Installing and Using GPT-OSS 20B Locally with Ollama

In this document, we will explore how to install and run GPT-OSS 20B — a powerful open-weight language model released by OpenAI — locally, with detailed instructions for using it on a Tesla P40 GPU.

1. Quick Introduction to GPT-OSS 20B

  • GPT-OSS 20B is an open-weight language model from OpenAI, released in August 2025—the first since GPT-2—under the Apache 2.0 license, allowing free download, execution, and modification.

  • The model has about 21 billion parameters and can run efficiently on consumer machines with at least 16 GB of RAM or GPU VRAM.

  • GPT-OSS 20B uses a Mixture-of-Experts (MoE) architecture, activating only a subset of parameters (~3.6B) at each step, saving resources and energy.

  • The model supports chain-of-thought reasoning, enabling it to understand and explain reasoning processes step by step.


2. Hardware & Software Preparation

Hardware requirements:

  • RAM or VRAM: minimum 16 GB (can be system RAM or GPU VRAM).

  • Storage: around 12–20 GB for the model and data.

  • Operating system: macOS 11+, Windows, or Ubuntu are supported.

  • GPU (if available): Nvidia or AMD for acceleration. Without a GPU, the model still runs on CPU but very slowly.

Software options:

  • Ollama: the simplest method; quick installation with a convenient CLI.

  • LM Studio: a graphical interface, suitable for beginners.

  • Transformers + vLLM (Python): flexible for developers, integrates well into open-source pipelines.


3. How to Run GPT-OSS 20B with Ollama (GPU Tesla P40)

3.1 Goal and Timeline

  • Goal: successfully run GPT-OSS 20B locally using Ollama, leveraging the Tesla P40 GPU (24GB VRAM).

  • Timeline: the first setup takes about 15–20 minutes to download the model. After that, launching the model takes only a few seconds.

3.2 Environment Preparation

  • GPU: Tesla P40 with 24GB VRAM, sufficient for GPT-OSS 20B.

  • NVIDIA Driver: version 525 or higher recommended. In the sample logs, CUDA 12.0 works fine.

  • RAM: minimum 16GB.

  • Storage: at least 20GB free space; the model itself takes ~13GB plus cache.

  • Operating system: Linux (Ubuntu), macOS, or Windows.
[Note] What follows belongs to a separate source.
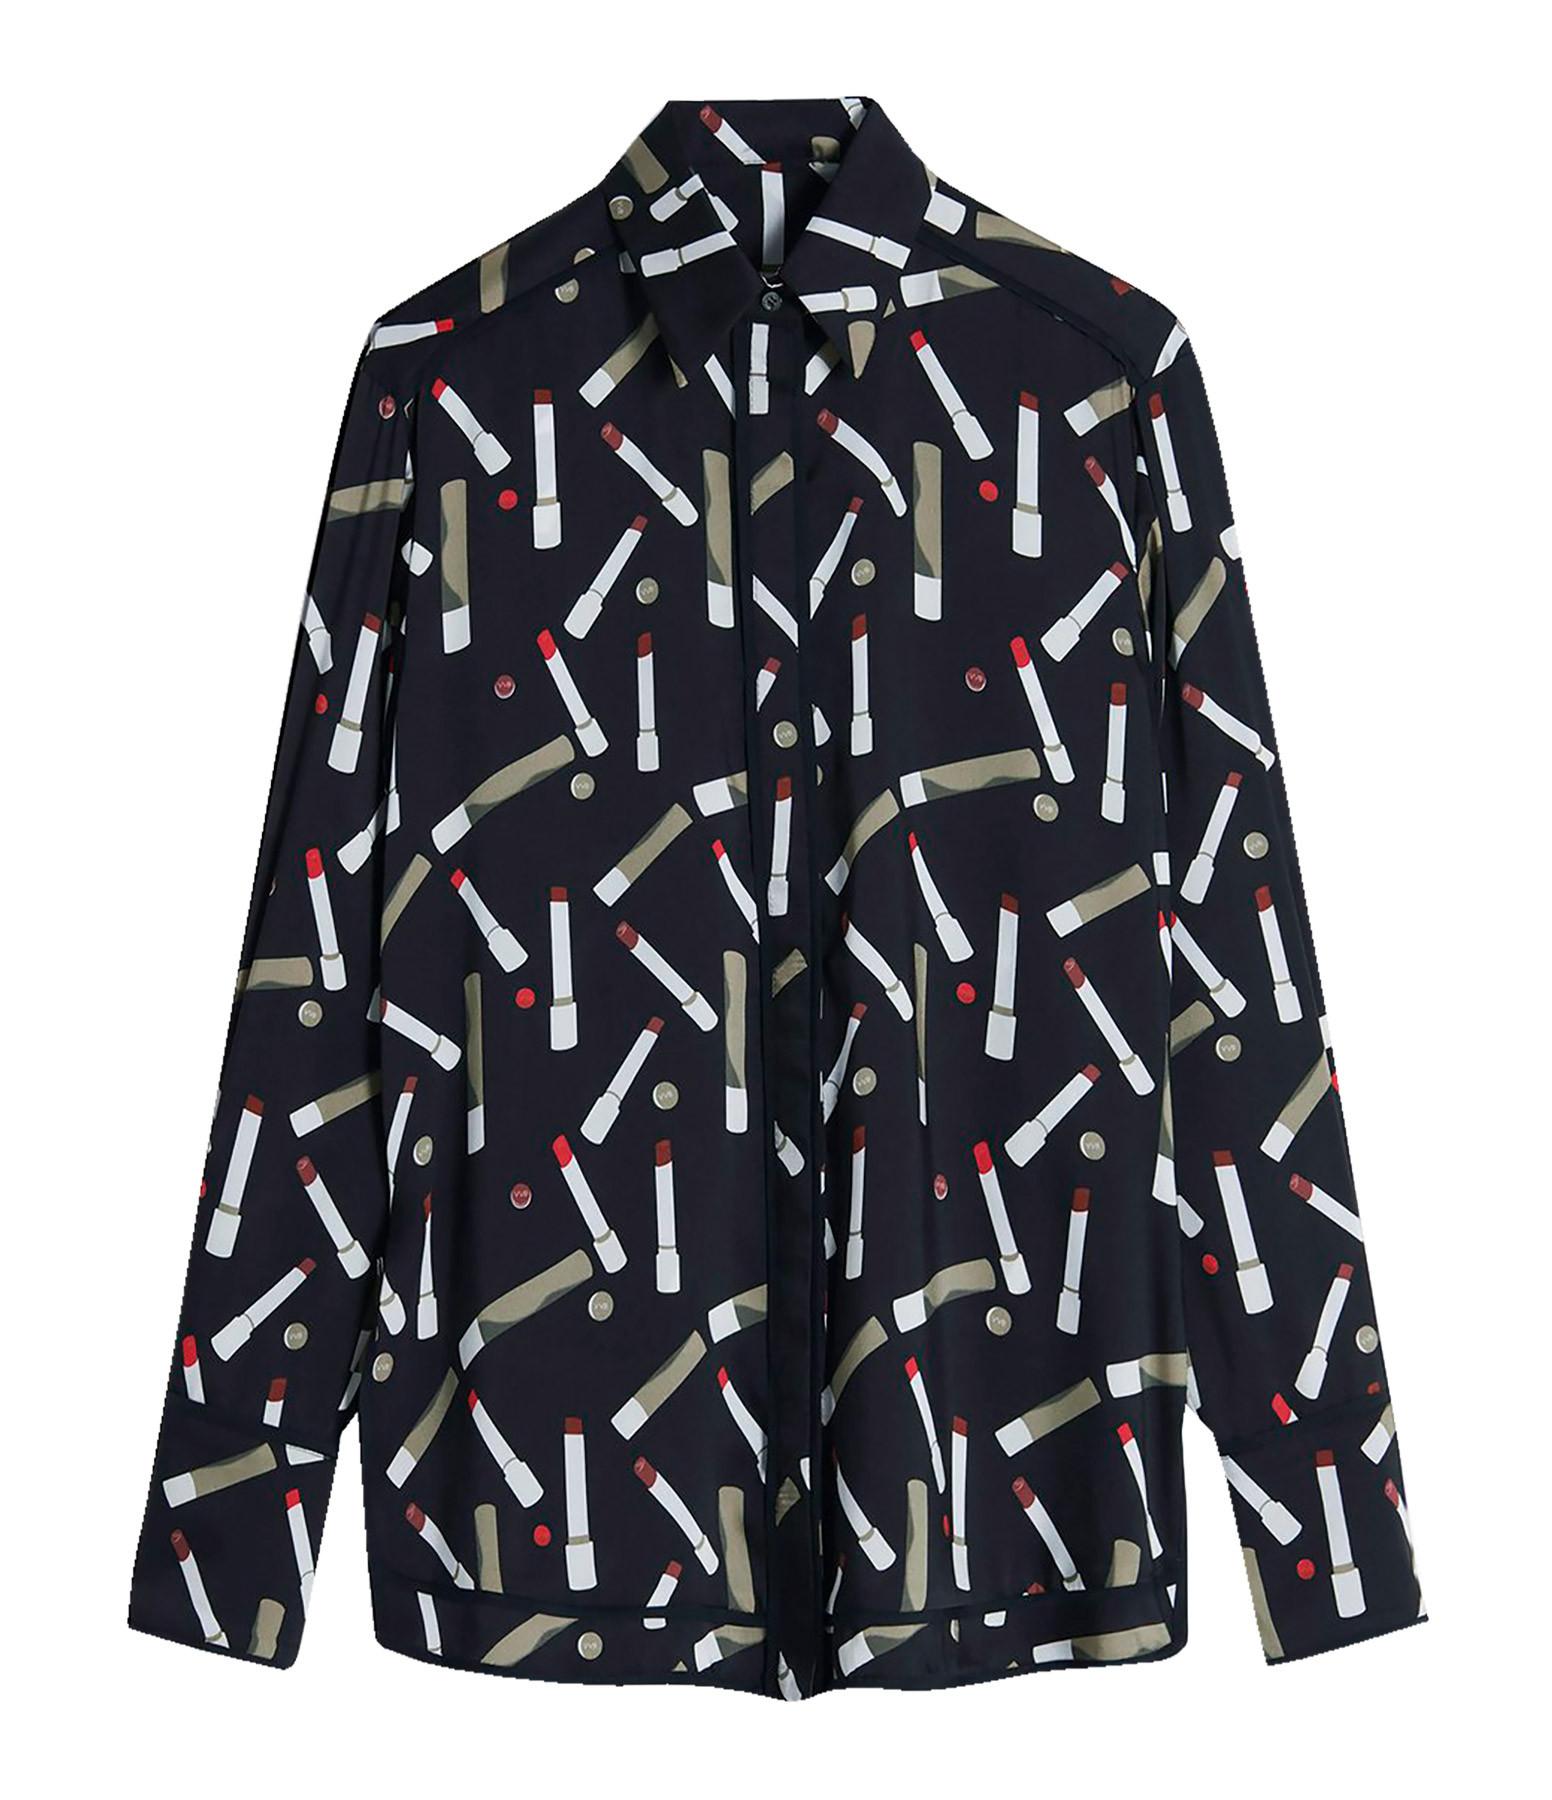 VICTORIA VICTORIA BECKHAM - Chemise Pyjama Imprimé Recyclé Noir

The following example uses Ubuntu.

3.3 Install Ollama

The fastest way:

curl -fsSL https://ollama.com/install.sh | sh

Or manually (Linux):

curl -LO https://ollama.com/download/ollama-linux-amd64.tgz
sudo tar -C /usr -xzf ollama-linux-amd64.tgz

Start the Ollama service:

OLLAMA_HOST=0.0.0.0:8888 ollama serve

When the log shows listening on [::]:8888, the server is ready.

3.4 Download GPT-OSS 20B

Open a new terminal and run:

OLLAMA_HOST=0.0.0.0:8888 ollama pull gpt-oss:20b

The first download is about 13GB. When the log shows success, the model is ready.

3.5 Run the Model

Start the model and try chatting:

OLLAMA_HOST=0.0.0.0:8888 ollama run gpt-oss:20b

Example:

>>> hi
Hello! 👋 How can I help you today?

3.6 Verify GPU Usage

Run:

nvidia-smi

Result: the Tesla P40 (24GB) consumes around 12–13GB VRAM for the process /usr/bin/ollama. The Ollama log also shows “offloading output layer to GPU” and “llama runner started in 8.05 seconds”, proving the model is running on GPU, not CPU.

3.7 Monitor API and Performance

Ollama exposes a REST API at http://127.0.0.1:8888.
Common endpoints include /api/chat and /api/generate.

Response times:

  • Short prompts: about 2–10 seconds.

  • Long or complex prompts: may take tens of seconds to a few minutes.


4. Conclusion

You have successfully run GPT-OSS 20B on a Tesla P40. The initial model download takes some time, but afterward it launches quickly and runs stably. With 24GB VRAM, the GPU can handle the large model without overload. While long prompts may still be slow, it is fully usable for real-world experiments and local project integration.